How to bypass parameter-entities resolution in DTD parsing

392 Views Asked by At

I maintain a Java program to help with Mozilla localization. Mozilla localization uses, among other formats, DTD files (in runtime, the DTDs for the selected locale are injected into XML files defining the UI, resulting so in localized interfaces).

The DTDs include sometimes other files in the form of PE references, like this:

<!ENTITY % brandDTD SYSTEM "chrome://branding/locale/brand.dtd">
%brandDTD;

However, for my program purposes, when I'm parsing the en-US version of a DTD file with such PE reference, I just need to copycat those lines into the target localized file.

I inherited the program, which does some clever (to me) trick to parse the DTD using SAX (Xerces bundled in JDK):

public class DTDReadHelper extends DefaultHandler2 {
    private static final String dummyXml="<?xml version=\"1.0\" encoding=\"UTF-8\"?>" +
            "<!DOCTYPE dialog SYSTEM \"MozillaTranslator\">" +
            "<dialog></dialog>";
(...)
    @Override
    public InputSource resolveEntity(java.lang.String name, java.lang.String publicId,
            java.lang.String baseURI, java.lang.String systemId) {

        if ((name != null) && (name.startsWith("%"))) {
           return new InputSource(new StringReader(""));
        } else {
            return new InputSource(is);
        }
    }

The problem is that the else branch is reached twice during a typical parsing, thus resulting in a IOException from Xerces if the files is smaller than 8192 bytes, or a SAXParseException otherwise.

I can deal with the IOException, because the entire file has been already parsed when it happens, but I'm unable to do it with the SAXParseException because it happens at the very beginning of the parsing (lineNumber 1, columnNumber 2).
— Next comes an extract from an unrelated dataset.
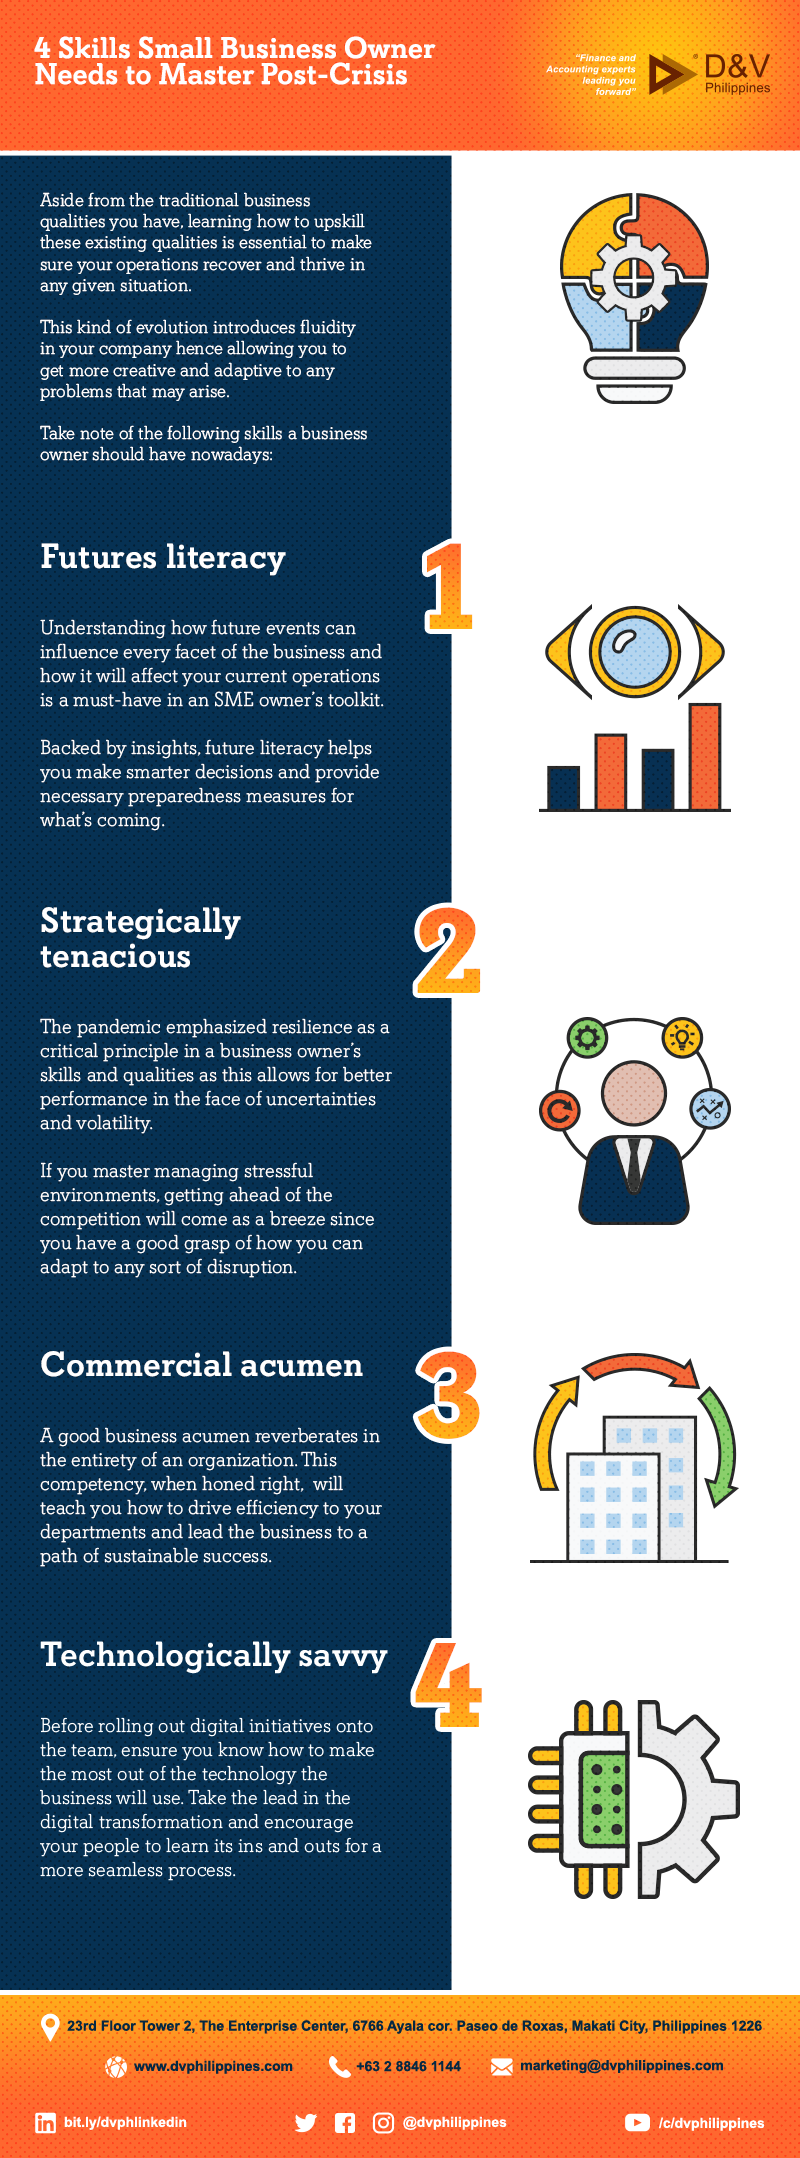 Infog_W_C_Title_4-Skills-Small-Business-Owner-Needs-to-Master-Post-CrisisMain
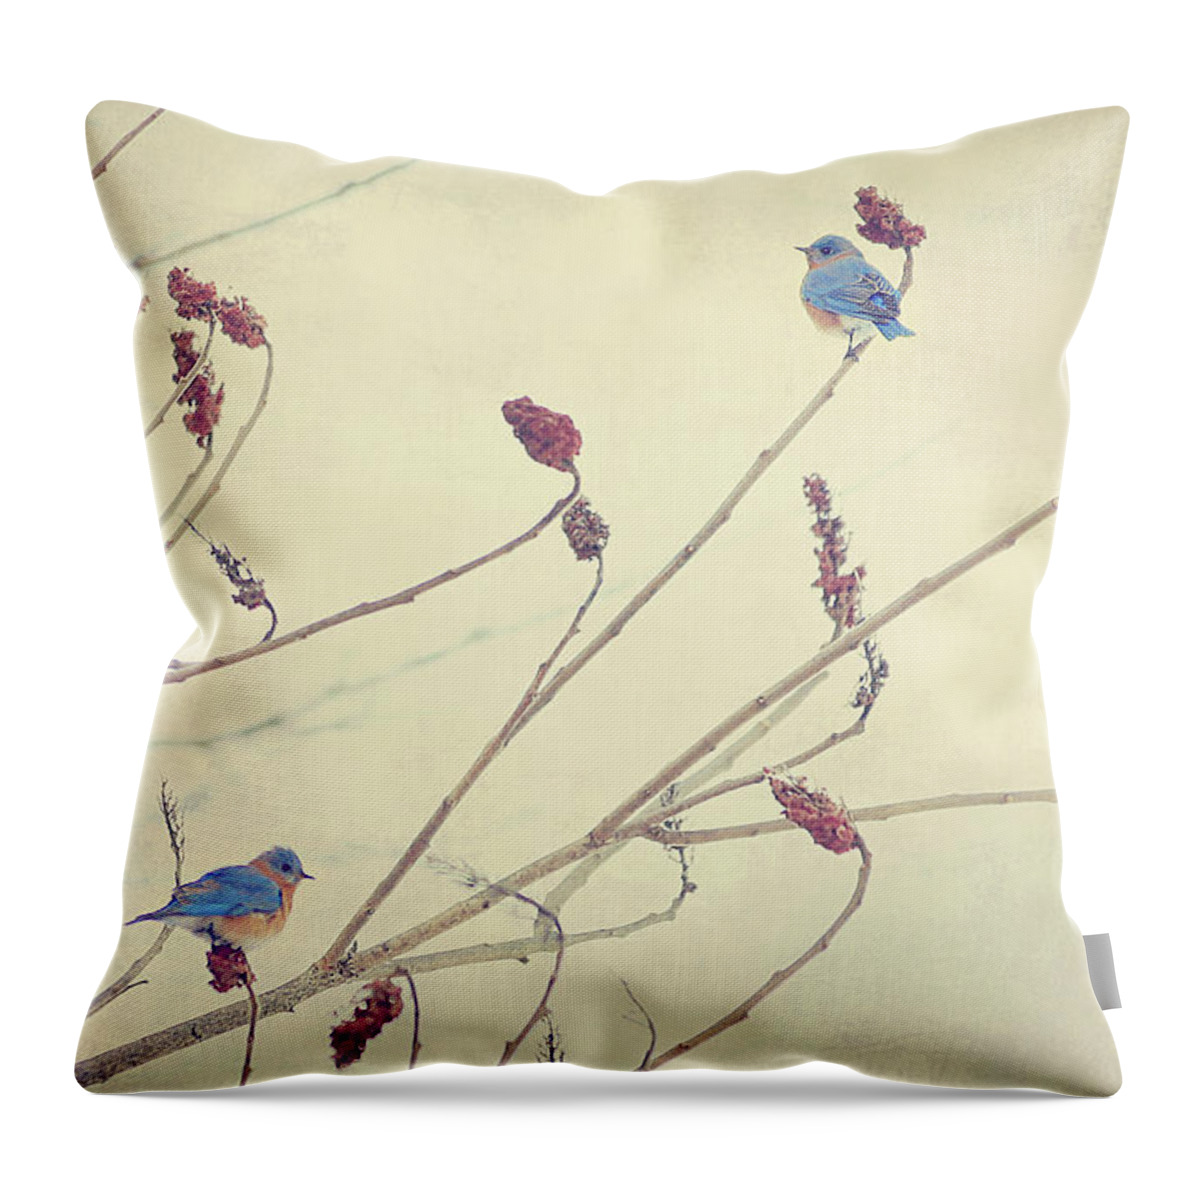 Winter Throw Pillow featuring the photograph Bluebirds by Carrie Ann Grippo-Pike

The "offending" DTD file can be found here:

http://hg.mozilla.org/mozilla-central/file/13fe5ad0364d/browser/locales/en-US/chrome/overrides/netError.dtd

and the entire source code of the program lives here:

https://kenai.com/projects/moztrans/sources

My "SCCE" contains four files (simplified versions of those in the above repository), I could upload them somewhere if needed.
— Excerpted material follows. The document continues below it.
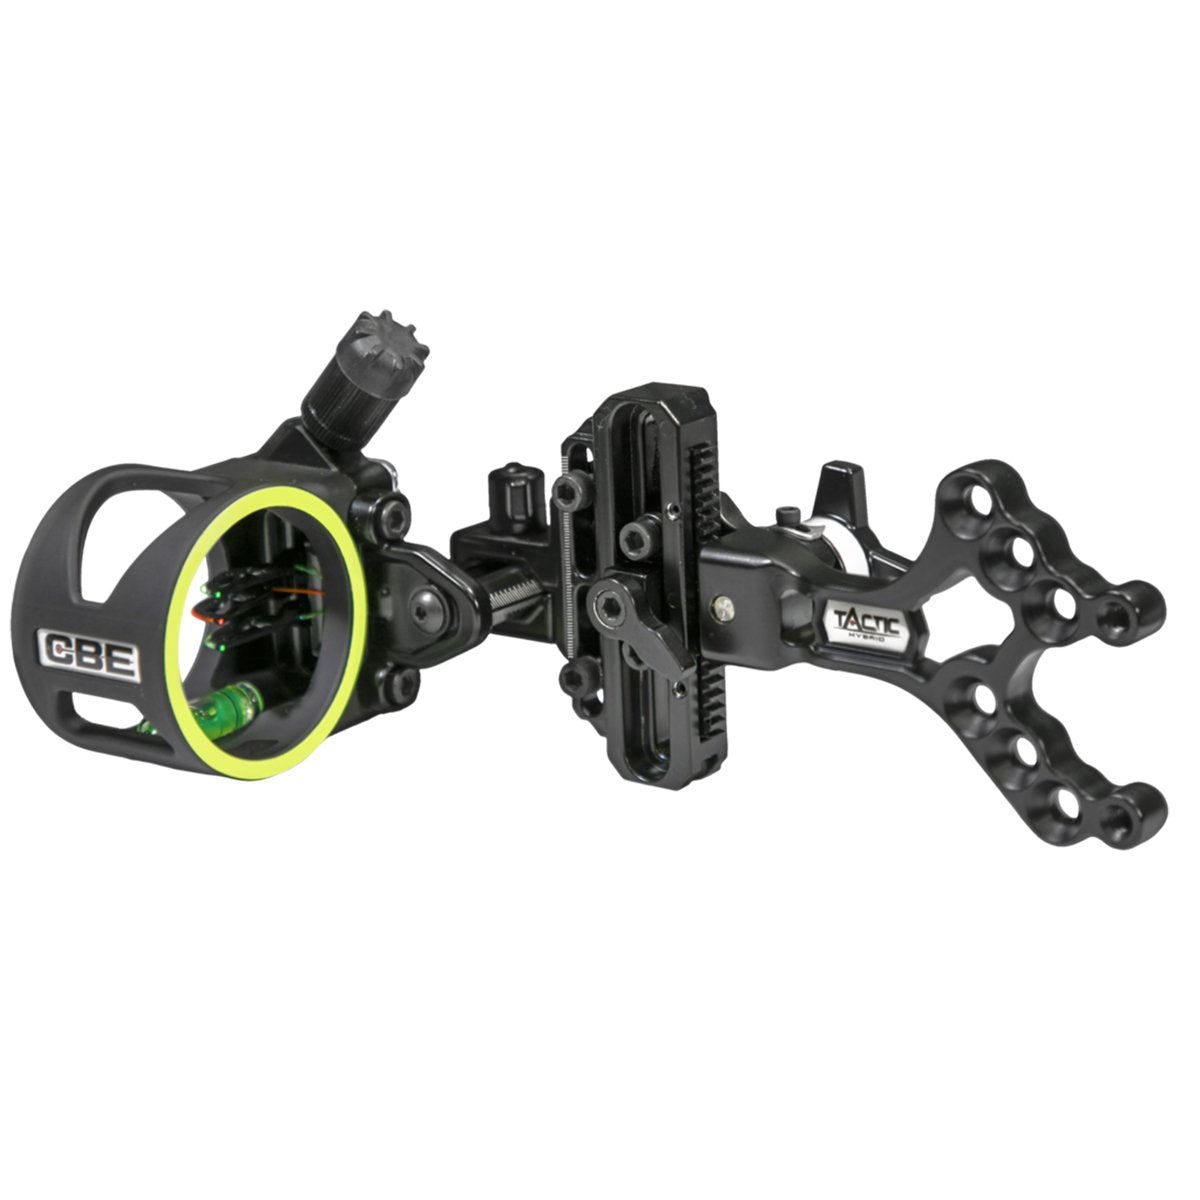 CBE Tactic Hybrid Single Pin Bowsight in  by GOHUNT | CBE - GOHUNT Shop

The question, after all these details, is: is there any way to get SAX to avoid trying to resolve the PE references?

TIA

1

There are 1 best solutions below

0
On

I finally found the solution (if you look at the repository, you will notice I forgot to update this question, as I committed the fix some months ago). :-) The solution lies in these code:

// private static final String brandDummyDtd = "<!ENTITY brandDTD \"\">";
private static final String brandDummyDtd = "";
(...)
@Override
public InputSource resolveEntity(java.lang.String name, java.lang.String publicId,
        java.lang.String baseURI, java.lang.String systemId) {

    if (name == null) {
        switch (systemId) {
            // Trick to get a SAX XML Parser to parse a DTD
            case "MozillaTranslator":
                return new InputSource(is);

            // Trick to resolve references to brand.dtd without
            // actually having to resolve, load and parse
            // the chrome: URI
            case "chrome://branding/locale/brand.dtd":
            default:
                return new InputSource(new ByteArrayInputStream(brandDummyDtd.getBytes()));
        }
    } else {
        return new InputSource(new StringReader(""));
    }
}

The solution is to return an empty InputSource (brandDummyDtd property, defined as private static final at the top). I've included the commented version with the entity that triggers the resolveEntity method to explain that using such solution does not work. If I remember correctly, doing so would fail if the DTD parsed contains an actual brandDTD entity.